We report the effects of hydrogen sulfide (H2S) on flower senescence in various species of cut flowers. H2S was found to delay flower opening and senescence in cut flowers and branches from Erigeron annuus (L.), Euonymus maackii Rupr., Hibiscus syriacus L., Liriope spicata (Thump.), Loropetalum chinense (R. Br.), Punica granatum L., Rosa chinensis Jacq., and Salix matsudana Koidz. Cut explants of these plants were cultured in solution containing different concentrations of the H2S donor, NaHS. H2S donor treatment prolonged the vase time of cut flowers and prevented senescence in a dose-dependent manner. We measured the levels of malondialdehyde (MDA) as an indicator of oxidative damage to cells and showed that it was inversely related to endogenous H2S concentration in explants. Flowers that had senesced showed higher levels of MDA and lower amounts of H2S. Furthermore, NaHS treatment increased the activities of catalase (CAT), superoxide dismutase (SOD), ascorbate peroxidase (APX) and guaiacol peroxidase (POD), and sustained much lower levels of H2O2 and O2radical dot in cut flowers of E. annuus and explant leaves of S. matsudana. The present study implies that H2S is involved in improving longevity of cut flowers and functions in activity of antioxidant enzymes in plants.

Research highlights

Hydrogen sulfide (H2S) delayed flower opening and senescence in cut flowers and branches. ► Flowers that had senesced showed higher levels of malondialdehyde (MDA, an indicator of oxidative damage to cells) and lower amounts of endogenous H2S. ► H2S increased the activities of antioxidant enzymes and sustained much lower levels of H2O2 and O2radical dot in cut flowers. ► H2S is involved in improving longevity of cut flowers and functions in an antioxidant role in plants.

Introduction

Hydrogen sulfide (H2S) has recently been identified as a third endogenous gaseous transmitter after nitric oxide (NO) and carbon monoxide (CO) in animal systems where it plays various physiological roles (Hosoki et al., 1997, Wang, 2002, Li et al., 2006, Yang et al., 2008).

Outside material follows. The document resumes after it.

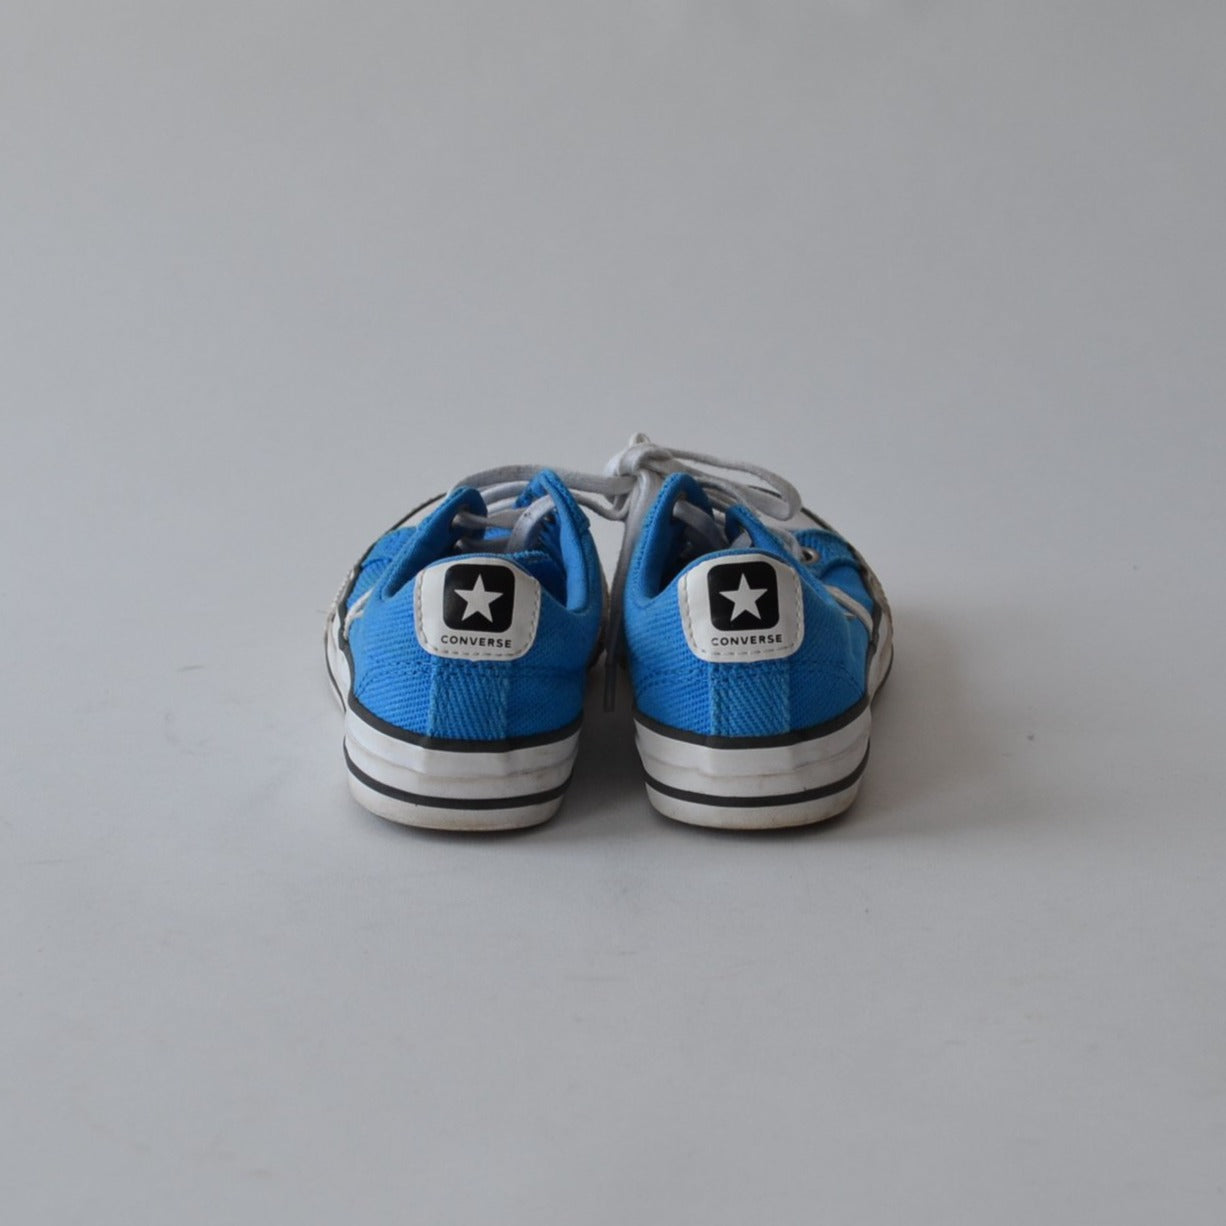 Converse Blue Canvas Trainers Shoe Size 12 (jr)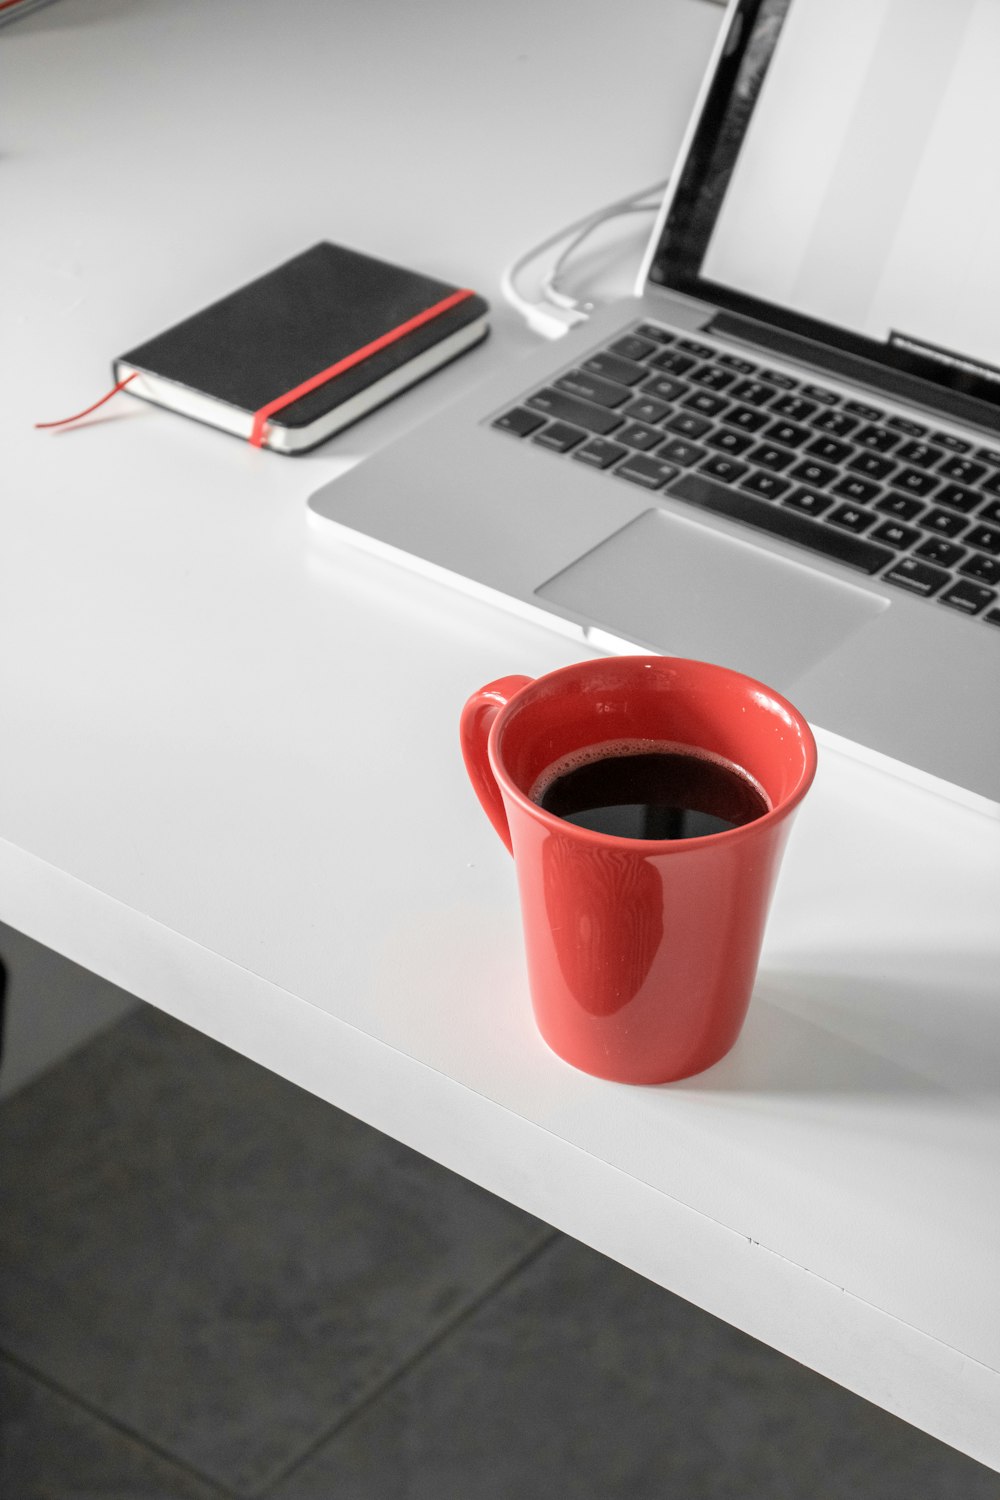 흰색 나무 책상 위에 맥북 프로 옆에 커피가 담긴 빨간 세라믹 머그잔

There is accumulating evidence that H2S acts as a gaseous regulator in plants (Rausch and Wachter, 2005, Papenbrock et al., 2007). H2S emission was found in many plant species (Wilson et al., 1978, Winner et al., 1981, Sekiya et al., 1982a, Sekiya et al., 1982b, Rennenberg, 1983, Rennenberg, 1984, Rennenberg et al., 1990), and recent publications showed that it is released from cysteine via a reversible O-acetylserine(thiol)lyase (OASTL) reaction catalyzed by several l- and d-cysteine-specific desulfhydrase candidates (Leon et al., 2002, Rausch and Wachter, 2005, Papenbrock et al., 2007, Álvarez et al., 2010). Although at present there is no direct evidence that H2S acts as an endogenous regulator or a signal molecule in plants, the induction of l-cysteine desulfhydrase upon pathogen attack (Bloem et al., 2004), emission of H2S from plants exposed to SO2 injury (Sekiya et al., 1982a, Hällgren and Fredriksson, 1982), abiotic stress tolerance in plants supplied with exgenous H2S donor (Stuiver et al., 1992, Zhang et al., 2008, Zhang et al., 2009a, Zhang et al., 2010a, Zhang et al., 2010b, Zhang et al., 2010c, Zhang et al., 2010d, Wang et al., 2010), and its involvement in guard cell signaling (García-Mata and Lamattina, 2010) and root organogenesis (Zhang et al., 2009b) all suggest that this is indeed the case.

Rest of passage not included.